Сквозь всхлипы подруги, Фрося с трудом воспринимала услышанное.
– Я же думала, что тюрьма его окаянного обломает, а, когда он вернётся приголублю и с помощью заработанных мной денежек приведу в божеский вид и заживём с ним всей деревне на зависть. А он подлюка, как явился, так сразу же запил, все деньги, что были при мне выскреб, я попыталась возражать, так он мне так врезал кулаком в зубы, что один выбил, а два шатаются.
– Настюха, так надо же найти на него управу, срочно звони своему Саньке и пусть он со своим папанькой поговорит по-мужски, он же у тебя совсем не хиленький.
– Господи, о чём ты говоришь, Санька, как услышал, что тот вернулся, так трубку телефона не поднимает, он ведь с детства своего папочку боится.
– Тьфу ты, надо, наверное, в ментяру обращаться, не люблю я эту братию, но другого выхода не вижу.
– Что ты, моя господарушка, ведь, когда он опять выйдет на свободу, вовсе меня порешит, ему ведь это уже не впервой.
– Настюха, так давай я подпою каких-нибудь мужиков в деревне и пусть они намнут ему, как следует бока, сегодня за водку мать родную продадут, Мишенька Горбачёв такого натворил со своей борьбой с пьянством, что скоро половина мужиков в нашей стране сдохнет от этого пойла, а ведь пьют теперь всё подряд, жуть какая-то.
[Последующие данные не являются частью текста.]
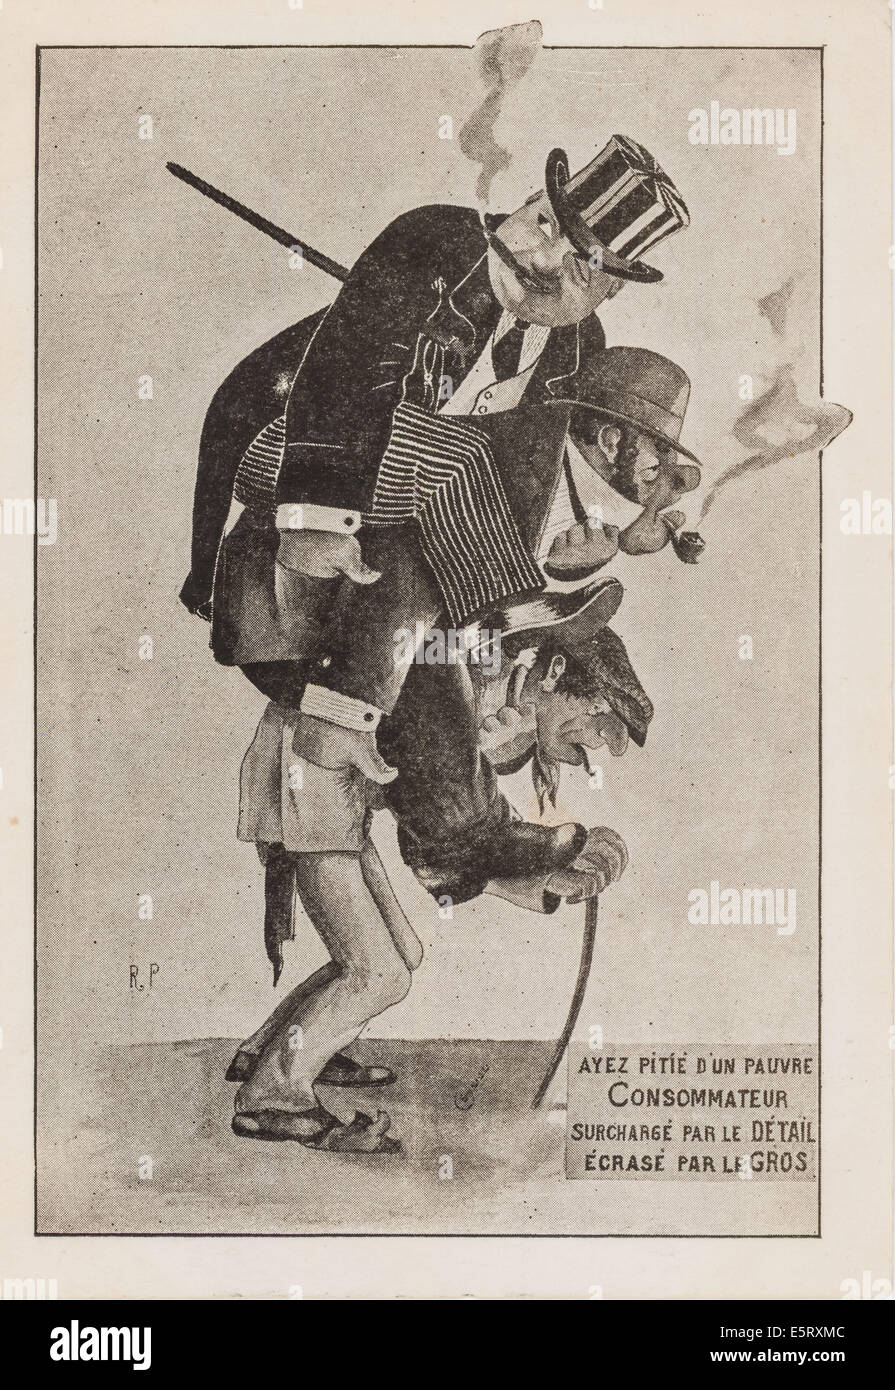 Ancienne carte postale humoristique à partir de 1900, la caricature à propos de détail et de gros, les marges de profit et de consommation, il montre un consommateur Banque D'Images

– Ай, подруженька, пусть пьют, пусть сдохнут, я же нынче в своей хате боюсь находится, и вся душой извелась, а вдруг Митька до твоего тайника доберётся, тогда мне только петлю на шею одеть останется, приезжай, моя миленькая, забери ты отсюда своё богатство.
– Ладно, сейчас приеду, но это не решает вопроса, приготовь и оставшийся товар, тоже надо забрать, ведь твой милёночек и до него доберётся.
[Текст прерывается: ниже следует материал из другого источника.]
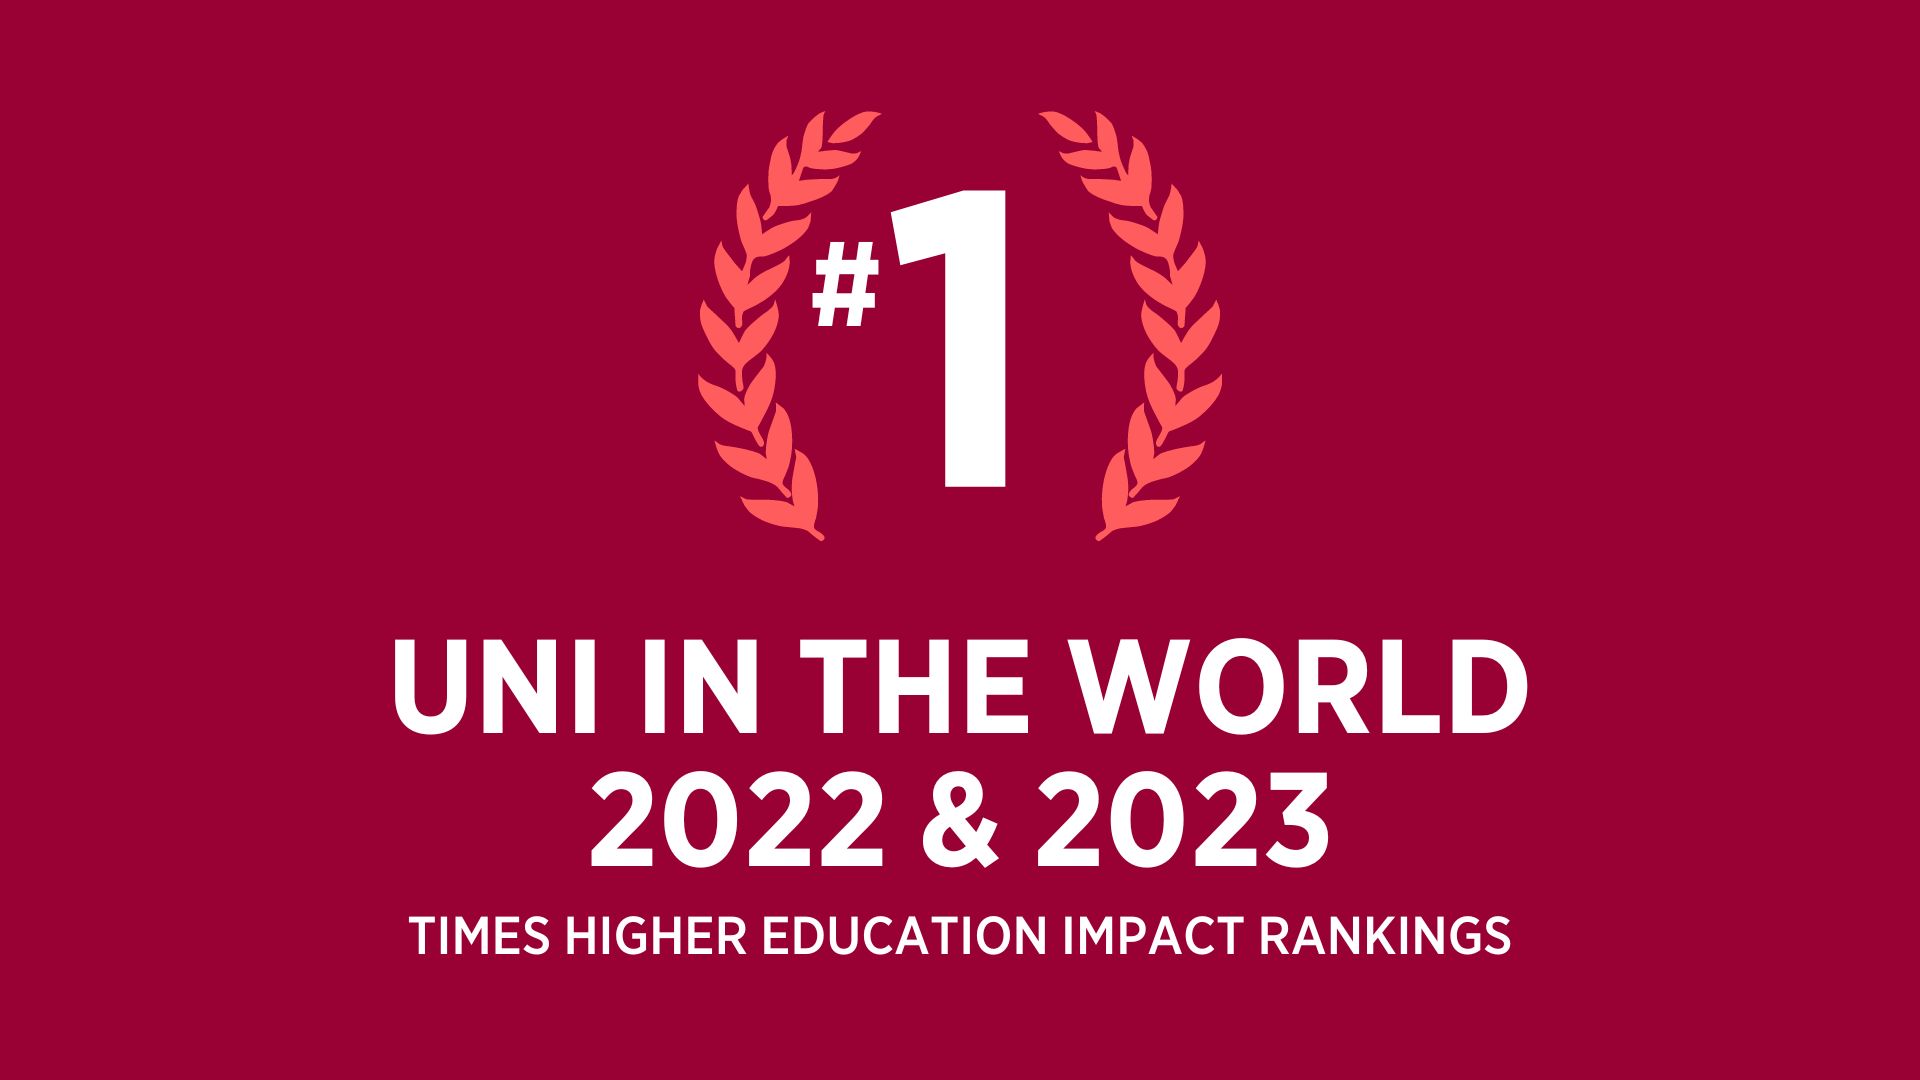 Đại học Western Sydney đứng đầu Bảng xếp hạng Ảnh hưởng toàn cầu trong hai năm liên tiếp

– Доберётся, доберётся, он уже у меня спрашивал, откуда столько добра.
– Ладно, жди.
Фрося вновь села за руль, в душе разгорался пожар ненависти к мужчине, которого ещё ни разу в жизни не видела. Вот подонок, тюрьма его обломает, наивная, как будто не была в той тюрьме, меня так обломали, что готова была голыми руками блатных этих давить, только мысль о Сёмке сдерживала. В принципе, она сейчас особо в тайнике в доме у Насти не нуждалась, нынче не милиции надо было бояться, а всякого рода бандитов. В тайнике по-прежнему хранились доллары Аглаи, немножко камешков после Марка, оставшиеся золотые украшения от Ривы и наличными тысяч пять... не бедная, но не такая богатая, как была раньше. Прошло уже два года, как она не работает в ателье, как, впрочем, и Настя, а чего было там оставаться, когда Валера сам ушёл оттуда и открыл свой кооператив. Не было уже у неё столько сил, а особенно желания, заниматься спекуляцией, хотя сегодня это уже практически не карается государством У Ани тоже почти не было стоящего товара, прилавки стремительно пустели, да и поляки везли в Советский Союз всякую дребедень от парфюмерии до шмоток. У них с Настей кое-что ещё оставалось, но смысла сбывать товар не было никакого, деньги быстро превращались в мусор. Можно было, конечно, заняться перепродажей электротоваров и мебели, золота и водки, но после исчезновения Сёмки, слово гибели отчаянно не хотелось даже в мыслях произносить, совершенно пропала мотивация. Пока так размышляла, подъехала к дому Насти. Увидела подругу, слёзы непроизвольно покатились из глаз.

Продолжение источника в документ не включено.